Bundoran or as it is known in Irish “Bun Dobhrain” which means the foot of the little water was actually up until over a century ago two separate villages. Bundoran was the village west of the bridge over the River Bradog, this area is now known as the West End. East of the bridge almost a mile away, was the village of Single Street. In between these two separate communities lay the historic townland of Drumacrin.
The area of Drumcacrin is now part of what is today’s town centre. It was only after the opening of the railway station in 1866 which was called Bundoran that the two distinct communities developed and merged to what we know nowadays to be Bundoran.
Single Street was where the majority of the local native population lived.
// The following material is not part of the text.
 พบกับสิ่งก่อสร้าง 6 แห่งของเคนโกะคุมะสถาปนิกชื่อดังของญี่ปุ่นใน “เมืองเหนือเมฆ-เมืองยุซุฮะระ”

Across the bridge in what is now the West End, was the area of residence favoured by the more affluent classes.
The first official mention of Bundoran was in 1777 when Viscount Enniskillen built Bundoran Lodge, his summer residence. This building still exists to this day and is now known as Homefield House. The Viscount seems to have started a trend amongst his contemporaries as more and more of them discovered Bundoran and visited it to enjoy the seaside location and the associated health benefits. Indeed such was its popularity that Bundoran became known as the Brighton of Ireland.
With the advances in travel, in particular the railway, Bundoran’s popularity spread across the class barriers. With the opening of the railway link to Belfast and onto Dublin more and more people from the east coast of Ireland discovered the appeal of Bundoran and returned year after year. It was during this period that Bundoran emerged as one of Ireland’s most popular seaside resorts. Hotels and lodging houses started to spring up around the town. The best-known hotel and indeed one of Bundoran’s best landmarks the Great Northern Hotel was constructed by the Great Northern Railway Company during this period.
Bundoran as a destination remained popular throughout the 20th century and its appeal has been further enhanced by developments in recent years of the Waterworld Complex and building of new hotels, self-catering apartments and houses. Following this period of renaissance the town now boasts the largest accommodation base in the north west of Ireland and a host of activities, entertainment and attractions for all the family all year round.
It is also world renowned for its wealth of surfing breaks – both beach and reef and now hosts five I.S.A. approved Surfing schools with all inclusive packages. No matter what time of the year the Bundoran of today will exceed your expectations-Music Festivals, Surfing, Equestrian, Walking, Biking, Sea-Weed Baths, Waterworld, Leisure Centres, Angling – or if you just simply want to relax, you will find all the time in the world to do it !!